CATEGORIES = ["grocery"]

In [4]:
# Variables
session = requests.session()

# Send request to generate cookies
session.get('https://www.target.com')

# Initialization
visitor_id = session.cookies["visitorId"]

# Get nearby stores
nearby_stores = requests.get(f'https://redsky.target.com/v3/stores/nearby/{LOCATION}?key={visitor_id}&limit=1&within=100&unit=mile').json()

# Get store id
store_id = nearby_stores[0]['locations'][0]['location_id']

In [5]:
# Get all categories
def get_categories():
    categories_object = {}
    # Send requests to find categories
    featured_categories_req = requests.get(
        "https://redoak.target.com/content-publish/pages/v1?url=/c/-/-/N-4nav"
    ).json()

    # Get categories
    categories = featured_categories_req['slots']['100']['content']['taxonomy_nodes']

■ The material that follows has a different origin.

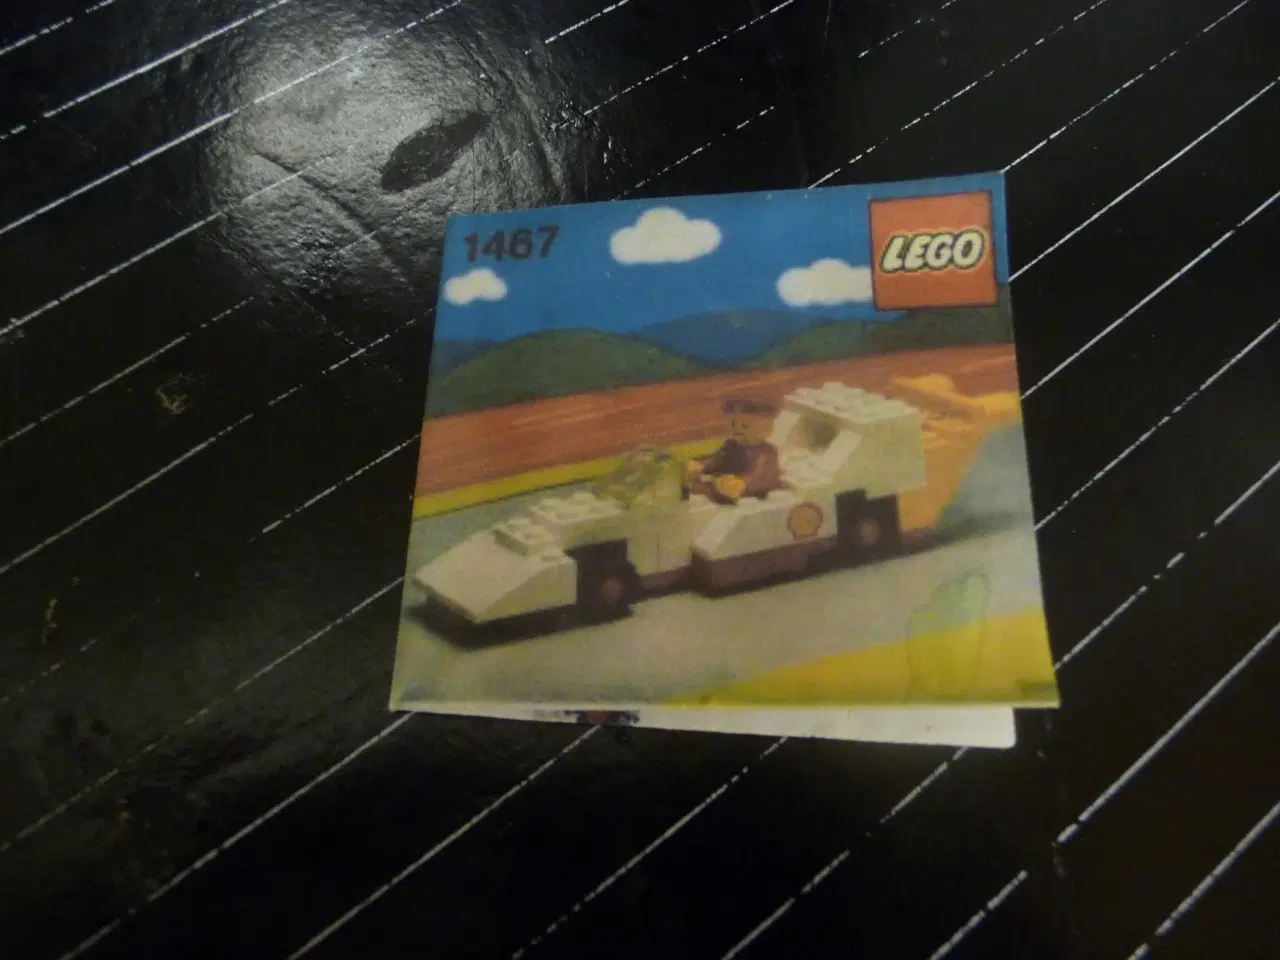 Billede 2 - lego shell bil 1467 og kopi af byggevejlening

    # Remove wrong categories
    categories = categories[3:][:-3]

    # Create placeholder for category
    for category in categories:
        # Get category name
        category_name = category['name'].lower()

        # Get category url
        category_url = category['seo_data']['canonical_url']

        # Placeholder for categories
        categories_object[category_name] = {
            "url": category_url,
            "categories": []
        }

        category_childrens = category.get('children') 
        if category_childrens is not None and len(category_childrens) >= 1:
            for child_category in category_childrens:
                if child_category['type'] == "Tag":
                    continue
                childs_childrens = child_category.get("children")
                if childs_childrens is not None and len(childs_childrens) >= 1:
                    for childs_child in childs_childrens:
                        if childs_child['type'] == "Tag":
                            continue
                        if childs_child.get('seo_data') is not None:
                            categories_object[category_name]['categories'].append(childs_child.get('seo_data').get("canonical_url"))
                else:
                    categories_object[category_name]['categories'].append(child_category.get('seo_data').get("canonical_url"))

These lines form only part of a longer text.